> **Information shown**

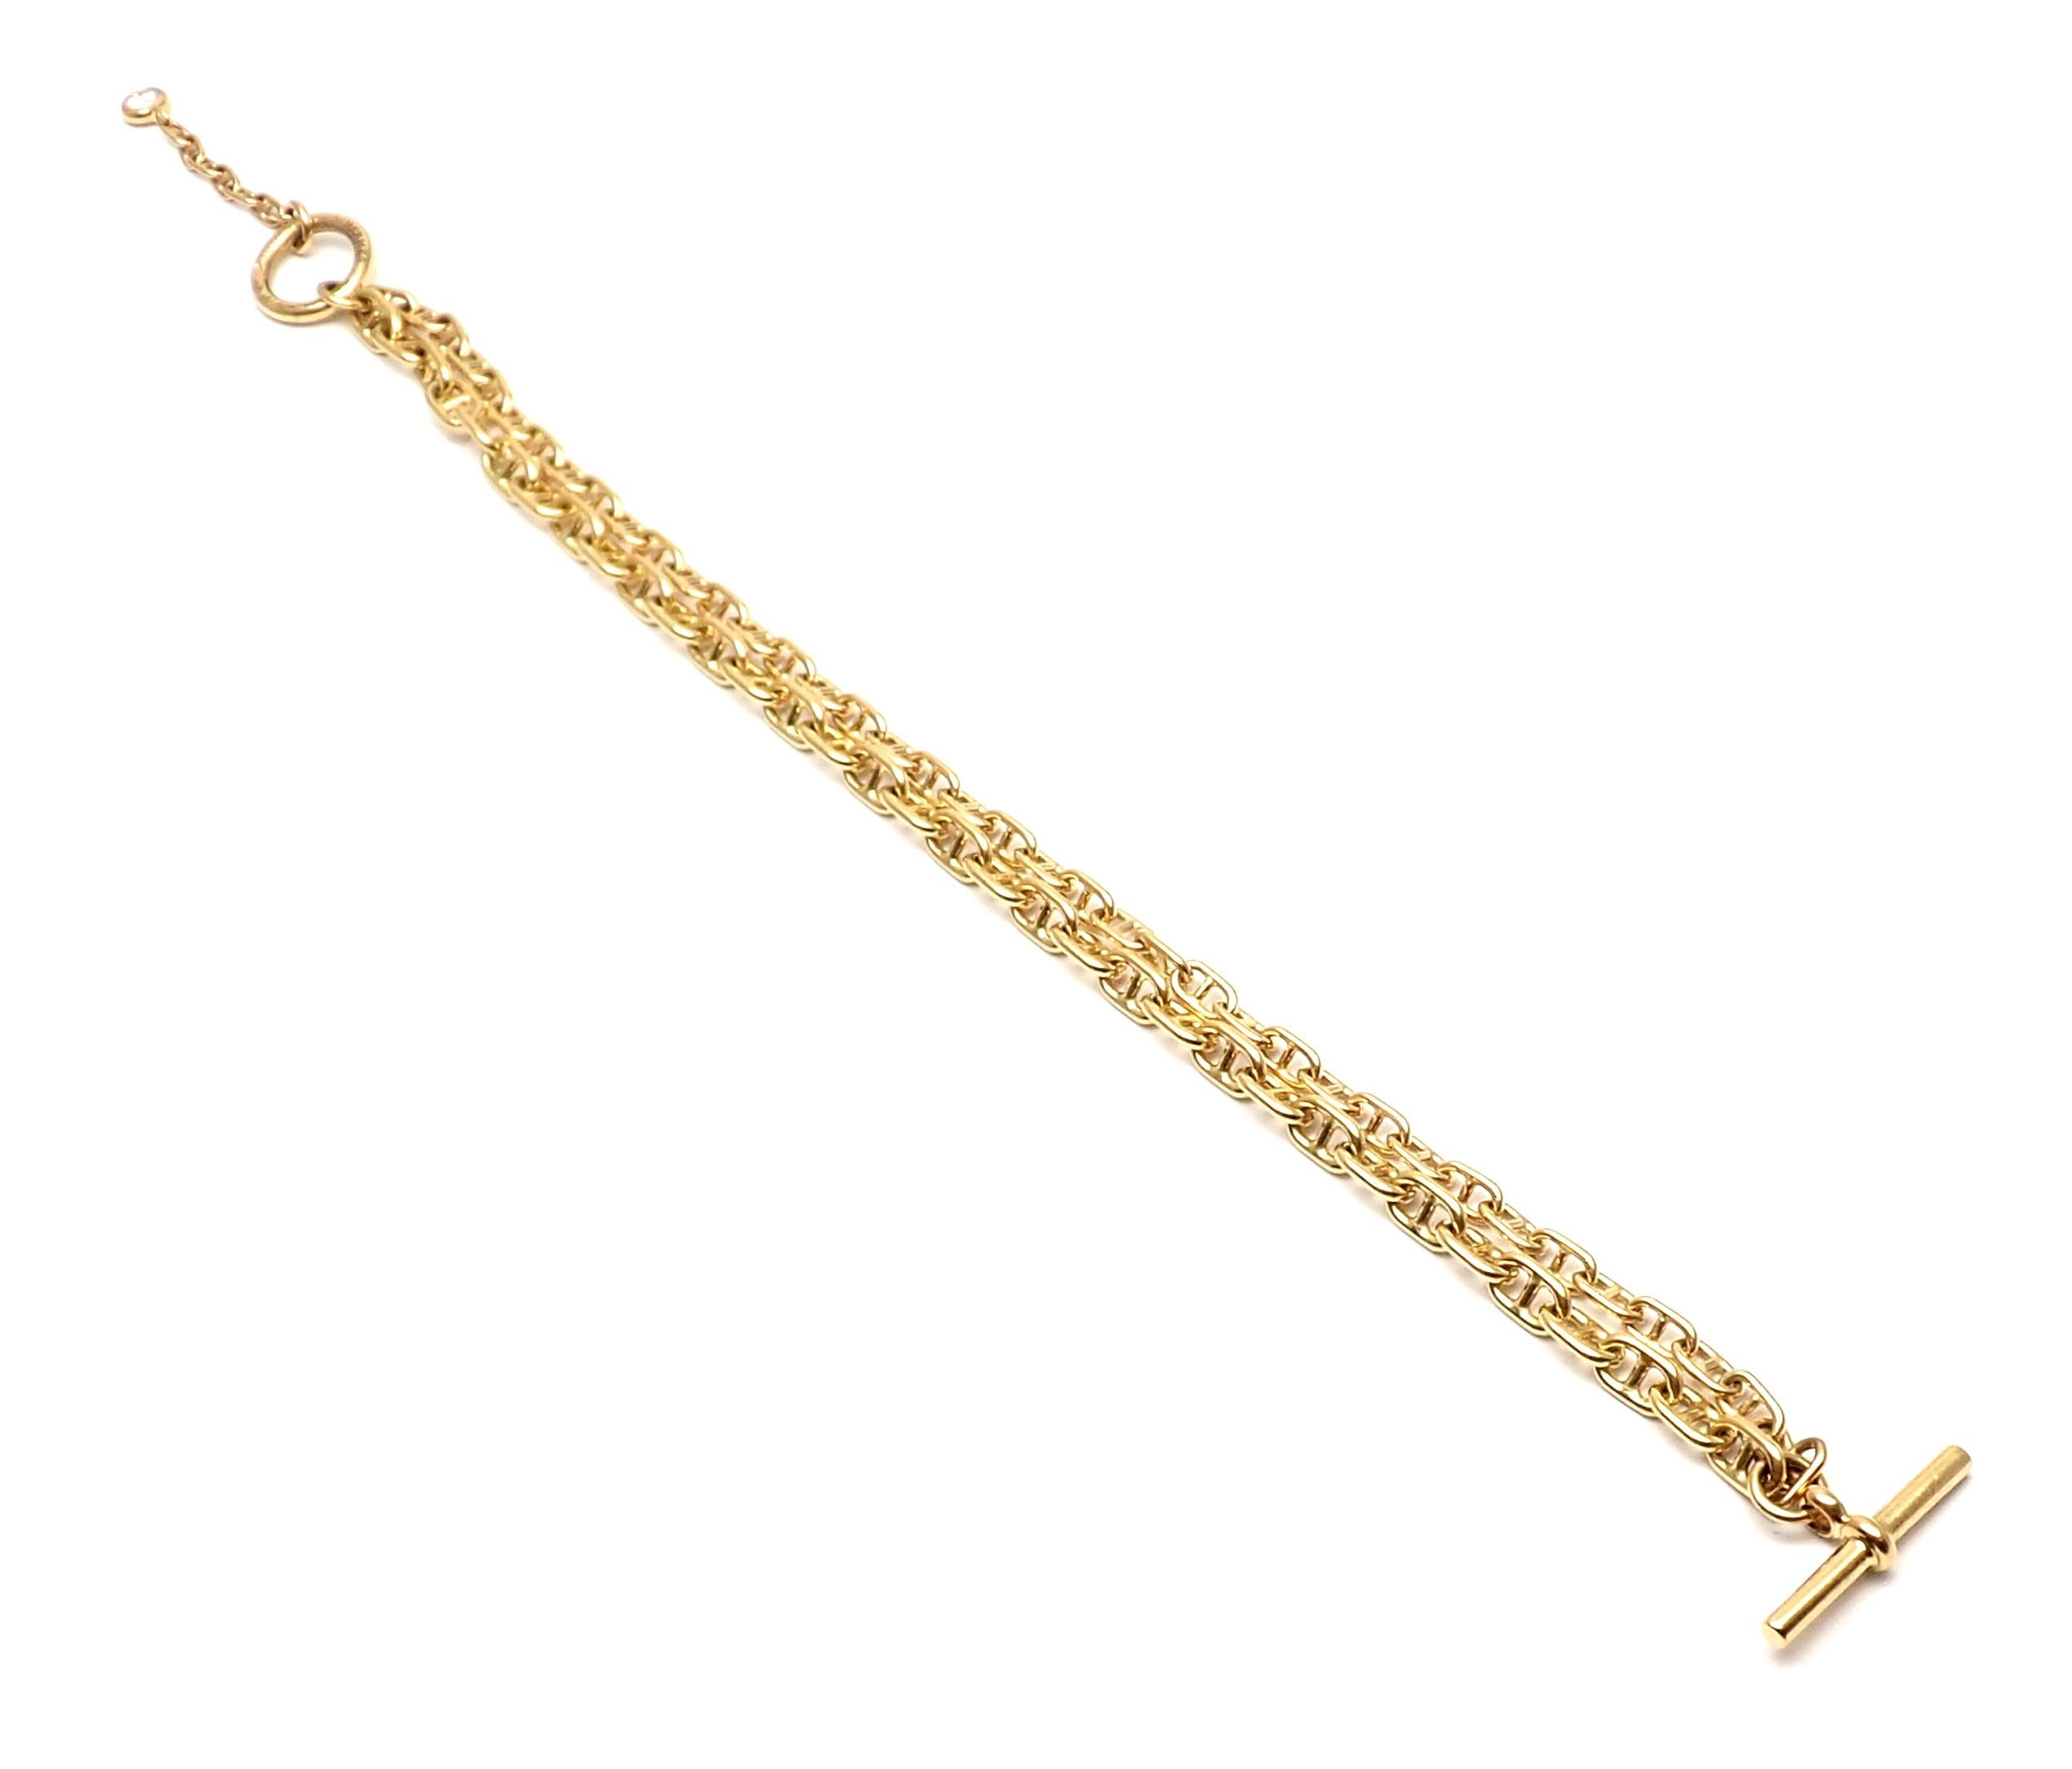 Hermes Chaine d'Ancre Enchainee Diamond Yellow Gold Double Link Toggle Bracelet 3
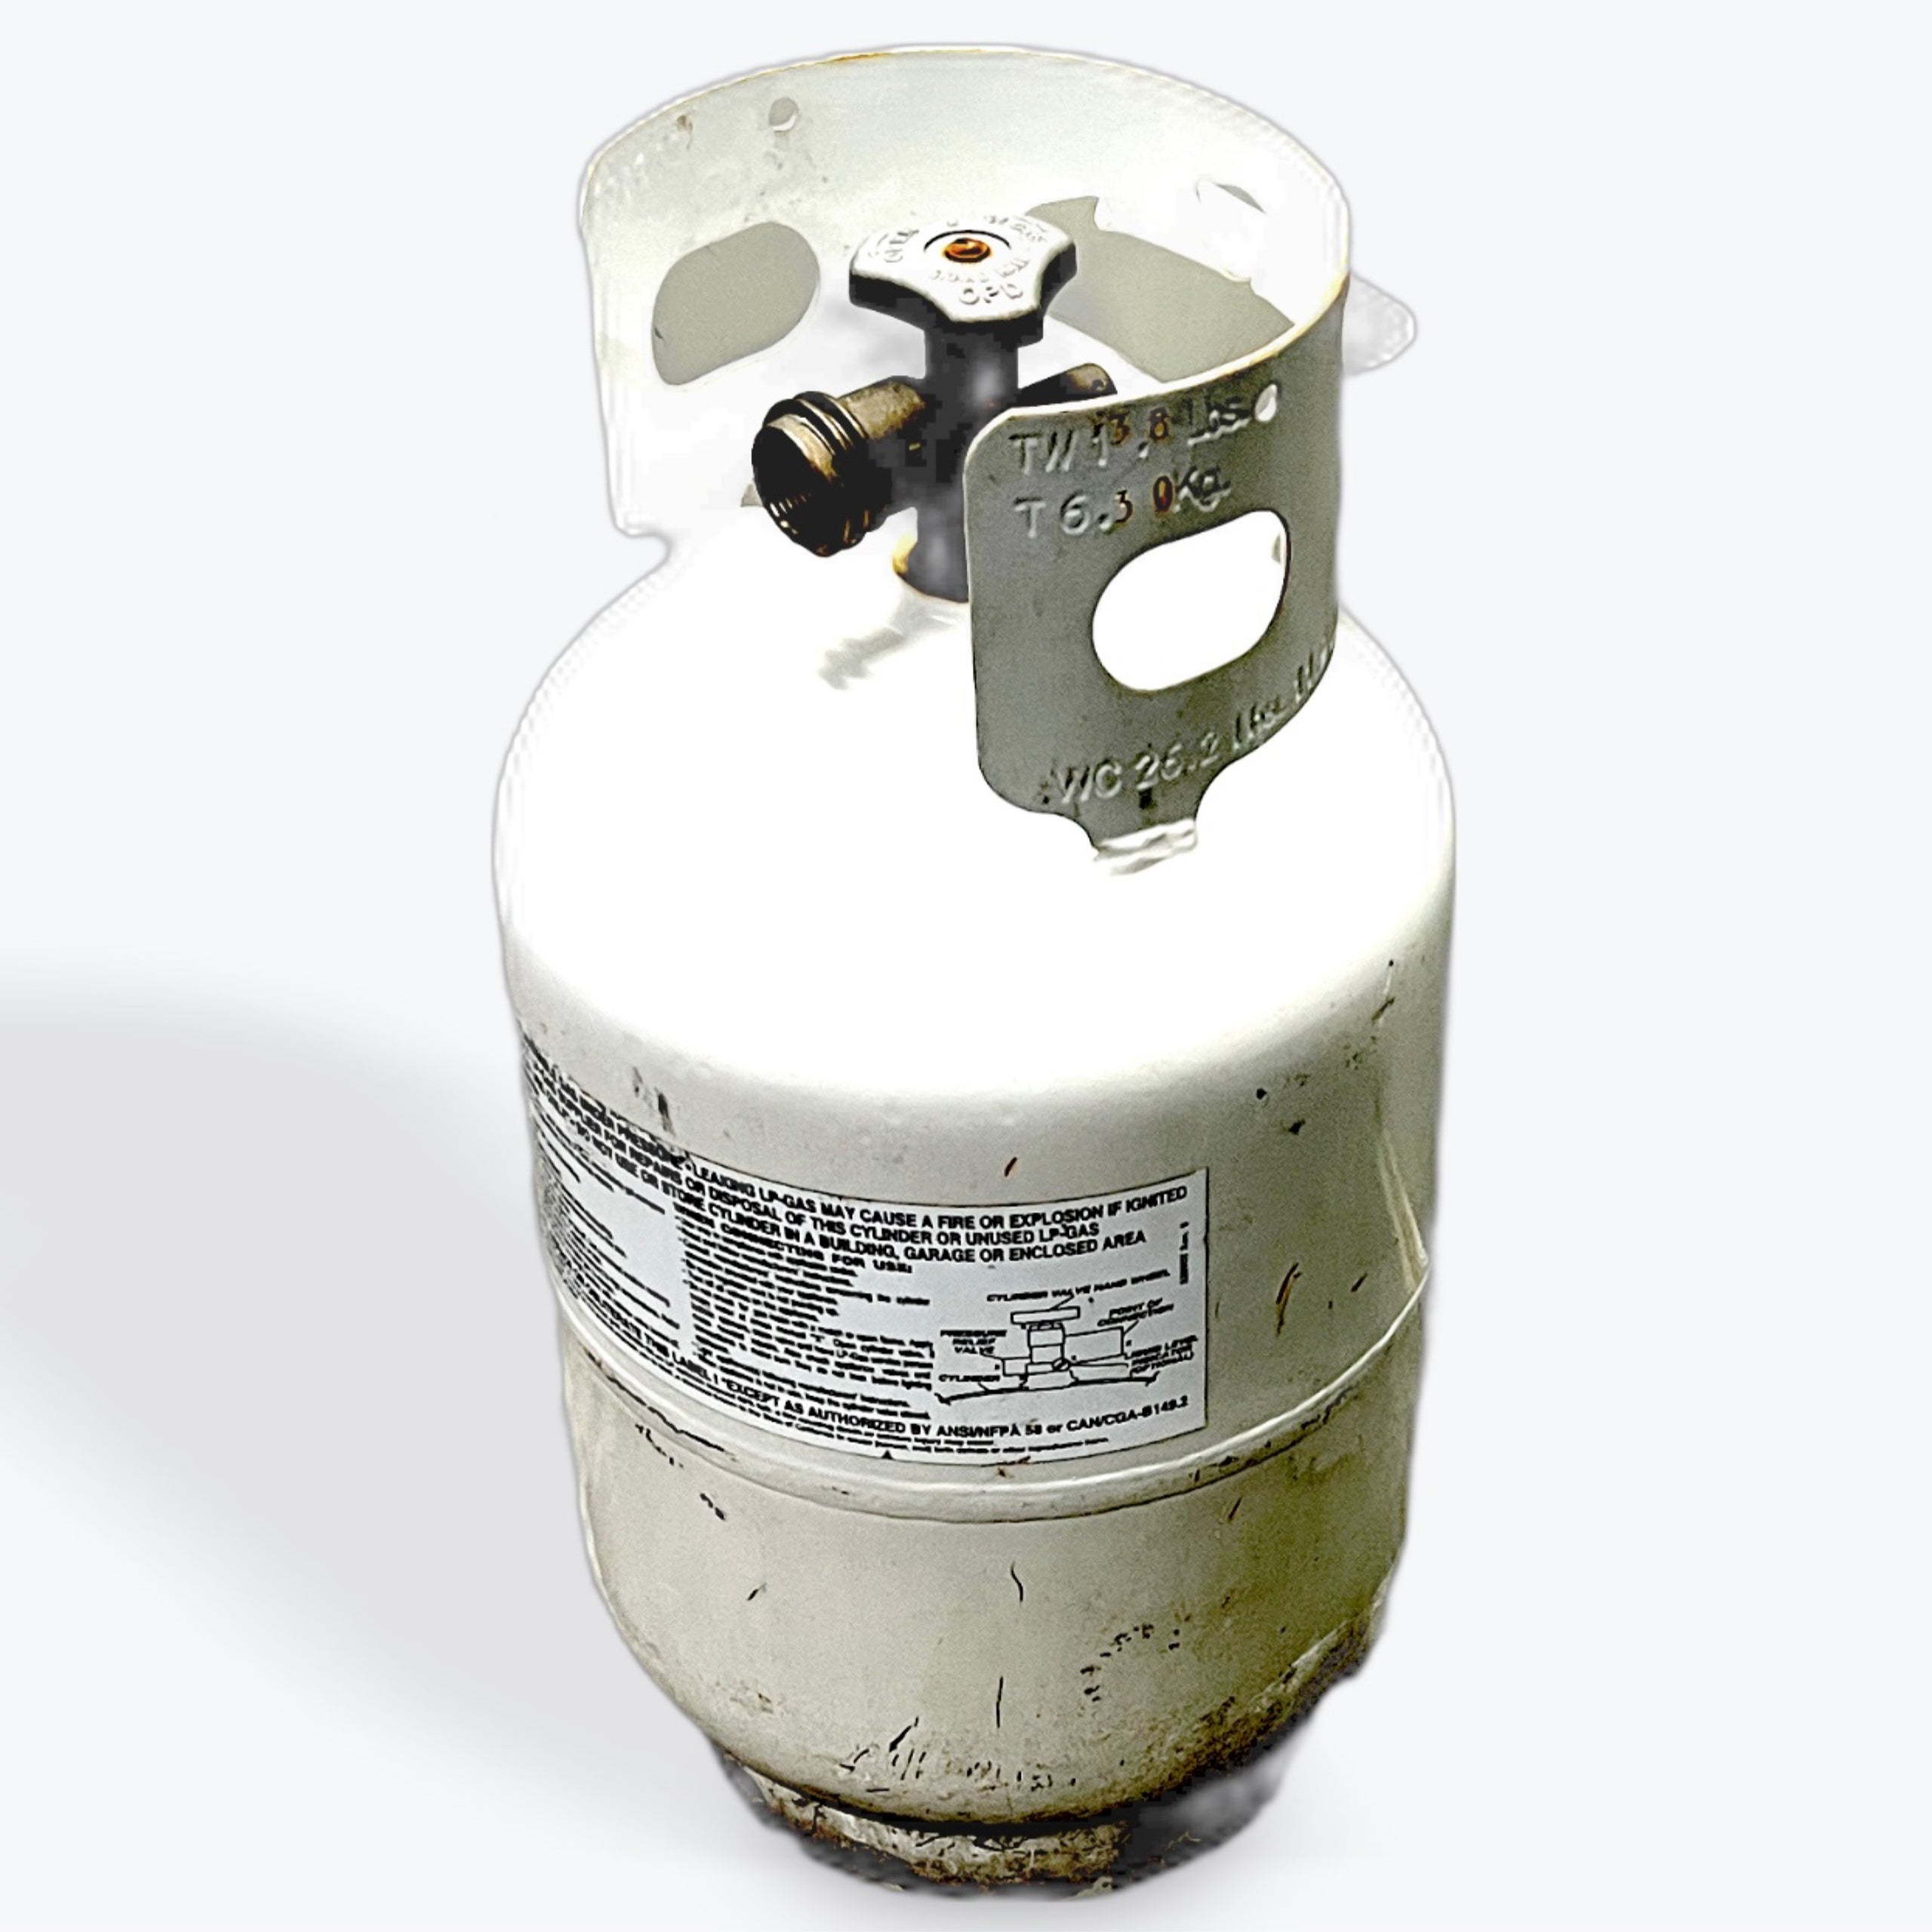 OPD Valve! What is it? - Propane Tank Store
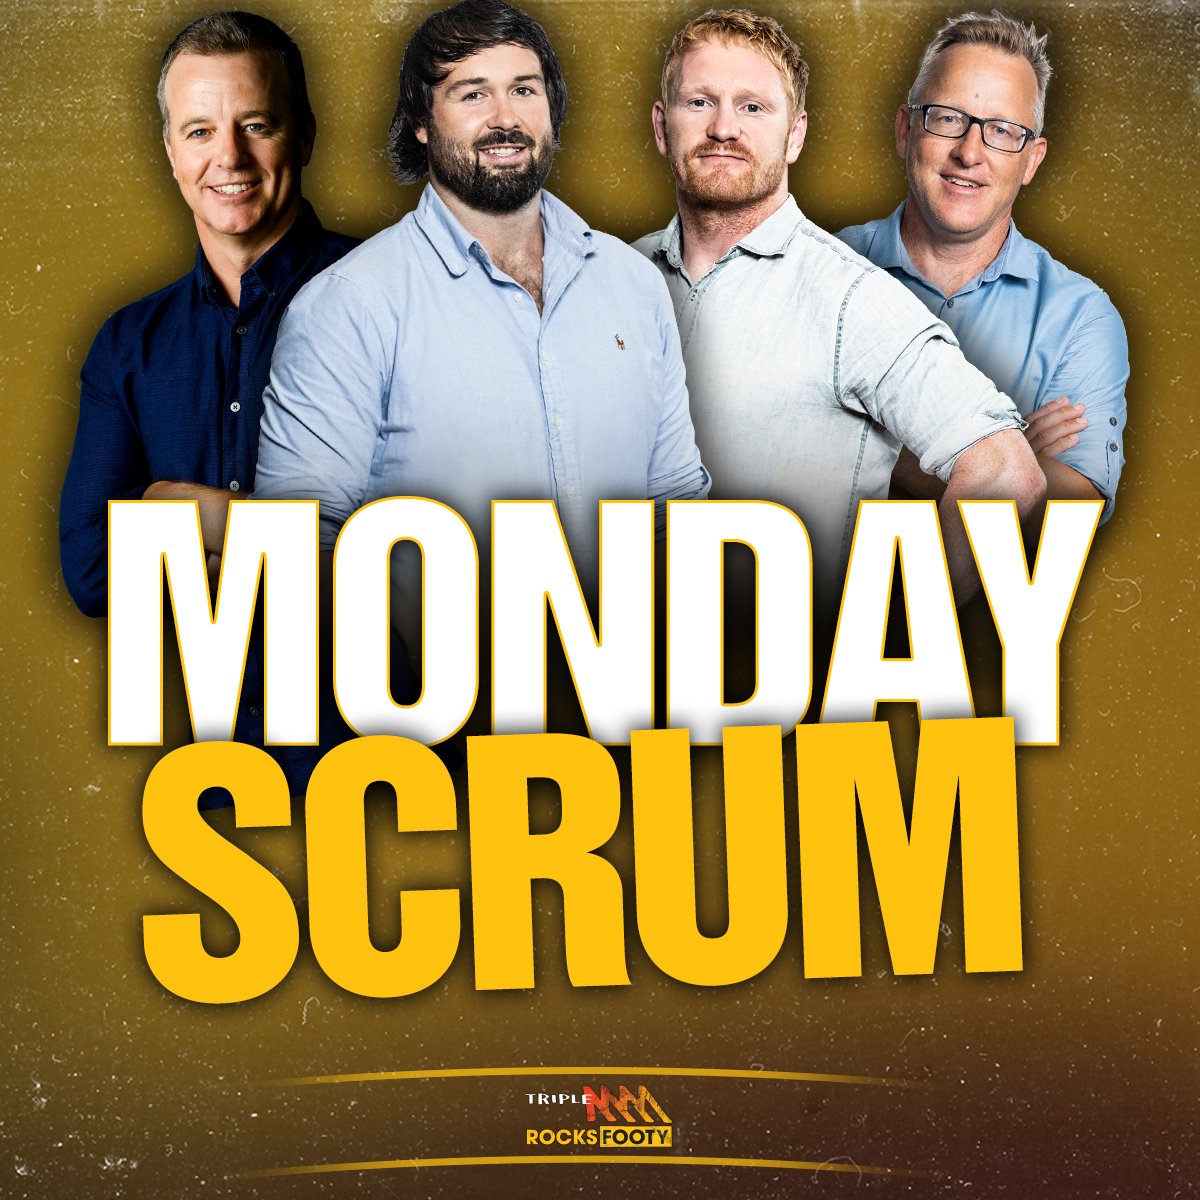 Monday Scrum | New Look QLD, Ryles The Man For Parra & Disaster For The Sharks!

> **What to work on**
A word-for-word copy is required of the lines above from the line with "OPD Valve! What is it? - Propane Tank Store" through the last line of the data; no other lines and no pictures belong in it.

> **Answer to this task**
 OPD Valve! What is it? - Propane Tank Store
 Monday Scrum | New Look QLD, Ryles The Man For Parra & Disaster For The Sharks!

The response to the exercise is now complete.